The extremely crude nature of the earliest stone tools convinced many that early man’s social and cultural circumstances were equally primitive, and this led John Lubbock to argue that there had been an evolution of society from savage origins. This was more shocking than it might seem because nineteenth-century religious thinkers still viewed modern man as degenerate as compared with Adam and Eve before the Fall. It was in his book Prehistoric Times (1865) that Lubbock first used the terms ‘Palaeolithic’ and ‘Neolithic’ to describe the transition from the Old to the New Stone Age, which he said could be distinguished by the change in use from chipped to polished stone, though more sophisticated variations were soon observed.91
For many people, the crucial issue underlying the debate as to whether man was evolved from the apes revolved around the question of the soul. If man was, in effect, little more than an ape, did that mean that the very idea of a soul – the traditional all-important difference between animals and men – would have to be rejected? Darwin’s Descent of Man, published in 1871, tried to do two things at once: to convince sceptics that man really was descended from the animals and yet to explain what exactly it meant to be human – how humans had acquired their unique qualities.

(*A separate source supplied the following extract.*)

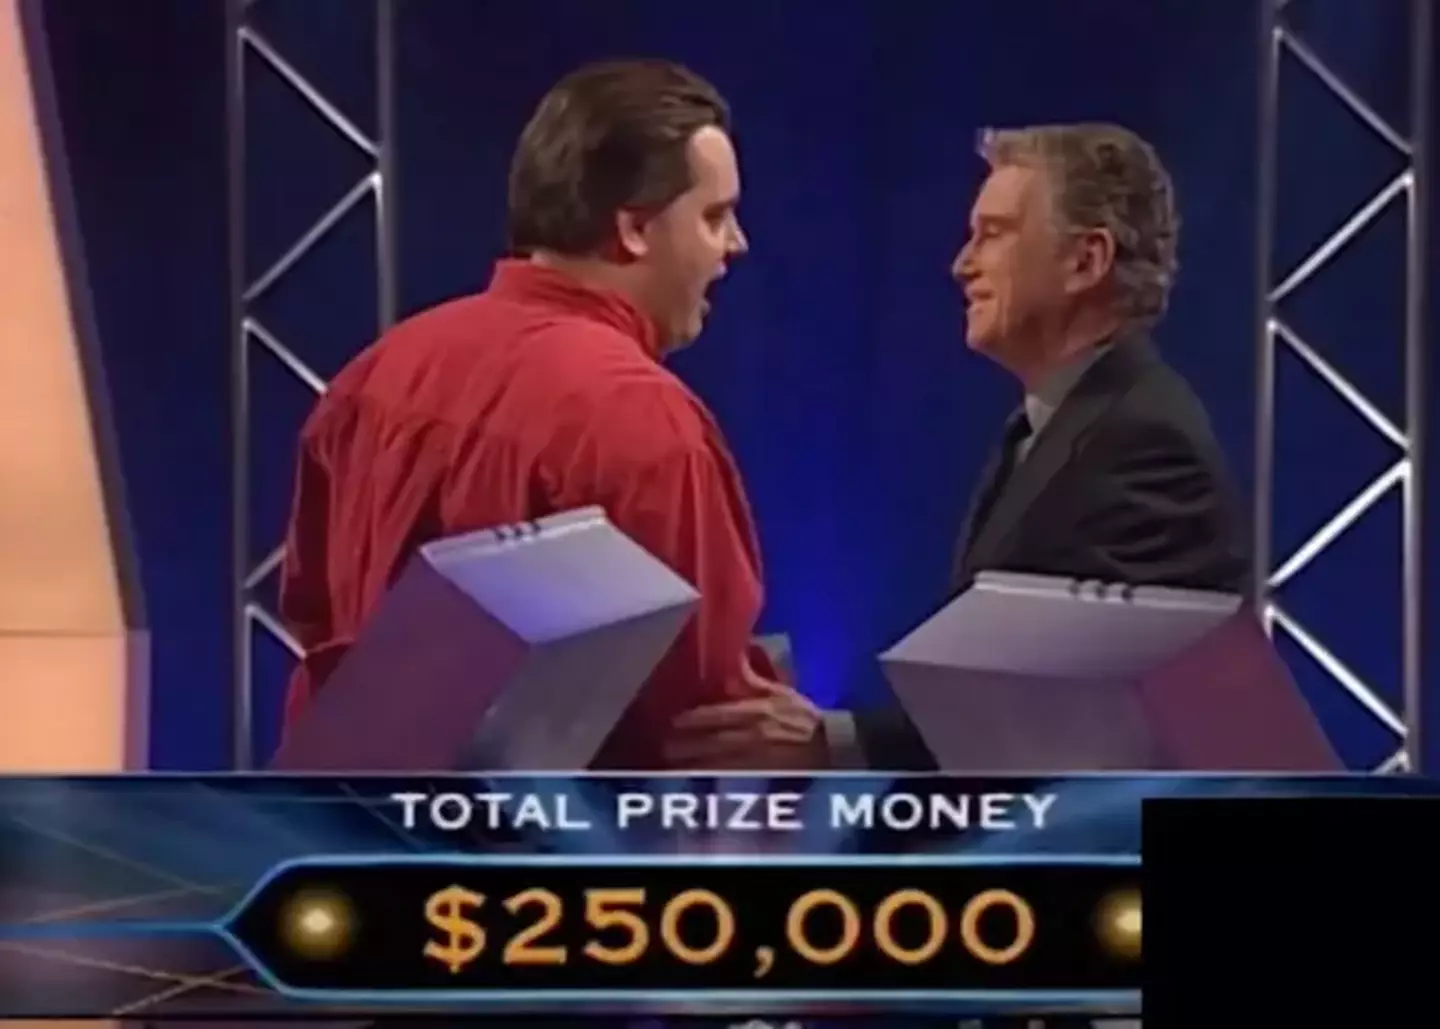 Who Wants To Be A Millionaire? viewers were screaming at the television.

‘Although Darwin gradually abandoned his belief in a benevolent creator, he was certainly inclined to hope that the white race did indeed represent the high point of an inevitable (if irregular) advance toward higher things.’92 In the Descent, he knew that, above all, he had to explain the very great – the enormous – increase in mental power from apes to humans.93 If evolution was a slow, gradual process, why did such a large gap exist? This was the answer that the religious sceptics were looking for. His answer came in chapter four of the book. There, Darwin advanced the proposition that man possesses a unique physical attribute, the entity with which this book began, namely an upright posture. Darwin argued that this upright posture, and the bipedal mode of locomotion, would have freed the human’s hands and as a result we eventually developed the capacity to use tools. And it was this, he said, which would have sparked the rapid growth in intelligence among this one form of great ape.94 In the Descent Darwin did not offer any cogent reason as to why ancient man had started to walk upright and it was not until 1889 that Wallace suggested it could well have been an adaptation to a new environment. He speculated that early man was forced out of the trees on to the open savannah plains, perhaps as a result of climate change, which shrank the forests. On the savannah, he suggested, bipedalism was a more suitable mode of locomotion.